News

Boston-Based City Sports Just Said A Final Goodbye

by Claire Elizabeth Felter

The subject line read: "It's been a good run." Cue the buckets of tears for thousands of customers who thought the Boston-based City Sports brand was just as permanent a piece of Beantown as Fenway Park. The Fenway neighborhood is, in fact, where the company opened its first store. But after failing to find a buyer who would keep City Sports doors open, the retailer formally announced on Thursday that City Sports will close all of its 26 locations permanently next month, and the company's final goodbye to customers is heartbreaking.

While the retailer had only been around for just over three decades, the brand became synonymous with the best in sporting goods for many along the Eastern seaboard. And the goodbye email from the company describes exactly why founders and high school buddies Mike Kennedy and Eric Martin started City Sports: "We opened in 1983 when two guys realized there was nowhere to buy a basketball inflating needle in Boston." The company first reached out to longtime retail executive Marty Hanaka to take over and find a way to turn around the decline in sales. Then, after filing for bankruptcy in October, executives announced plans to shut down eight of its locations.

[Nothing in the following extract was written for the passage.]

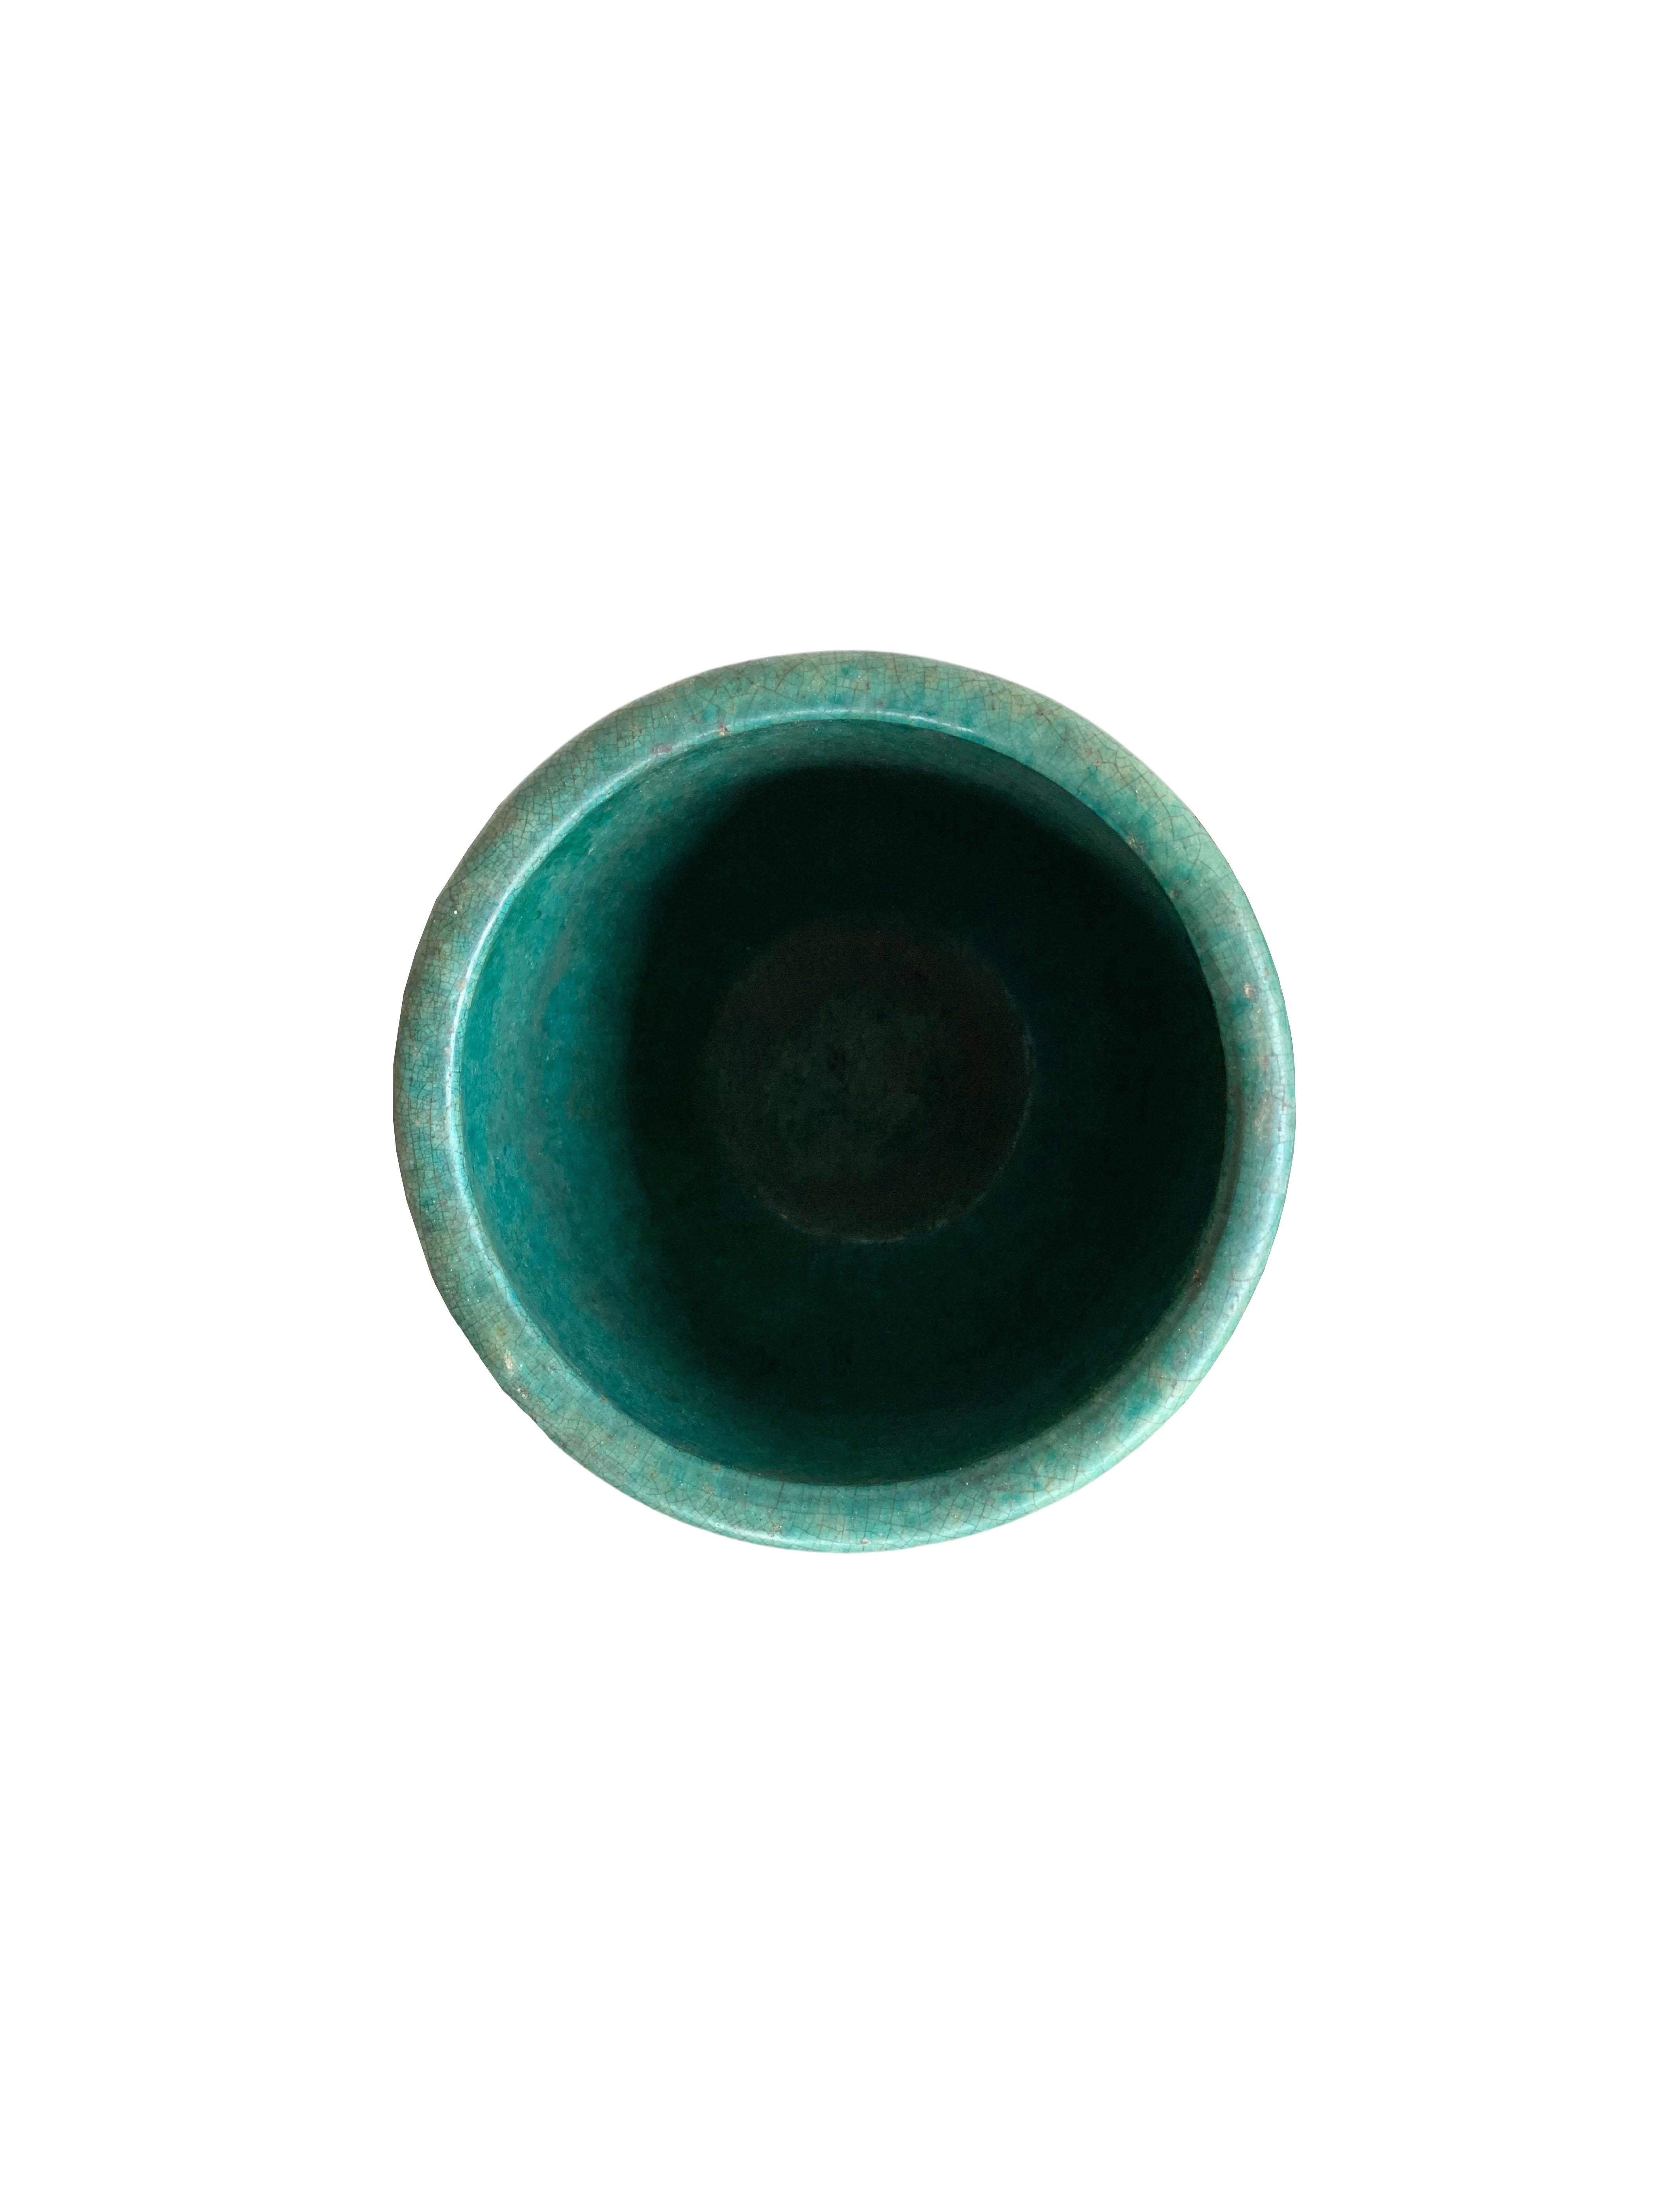 Ceramic Chinese Green Glazed Jar / Planter, c. 1900 For Sale

But in the email sent out Thursday afternoon, the City Sports team confirmed customers' worst fears and expressed gratitude for any person who walked into one of its stores:

Thank you to every customer who stepped through our doors. We know there are a lot of you because you can't walk around Boston, Providence, Burlington, New York, Philadelphia, Baltimore, DC or any airport in America without seeing those iconic City Sports t-shirts.

And iconic they were. For any Bostonian, athletic or not, the City Sports tee was an emblem displaying the owner's hometown. As the brand expanded to other locations on the East Coast, the offering of tees grew as well to give runners, athletes, and fitness folks of all kinds a way to connect their active lifestyles to their own cities. The team went on to encourage customers to "keeping wearing that City Sports tee with pride" and give a nod or high-five when they come across anyone else doing the same.

The team also addressed in the email the constant battle for local businesses to survive in the face of big-box retailers like Dick's Sporting Goods.

We encourage you to support local businesses when City Sports is no longer in your neighborhood. Like us, it's their livelihood. Like us, they eat, sleep, and breathe running shoes and tennis racquets.

But what if I can't imagine a neighborhood without my beloved City Sports? Time to move to the Midwest, where the brand never existed anyway.

City Sports will hold going-out-business sales beginning on Friday, so lovers of the brand have a few weeks to stock up on the classic T-shirts in every color combo.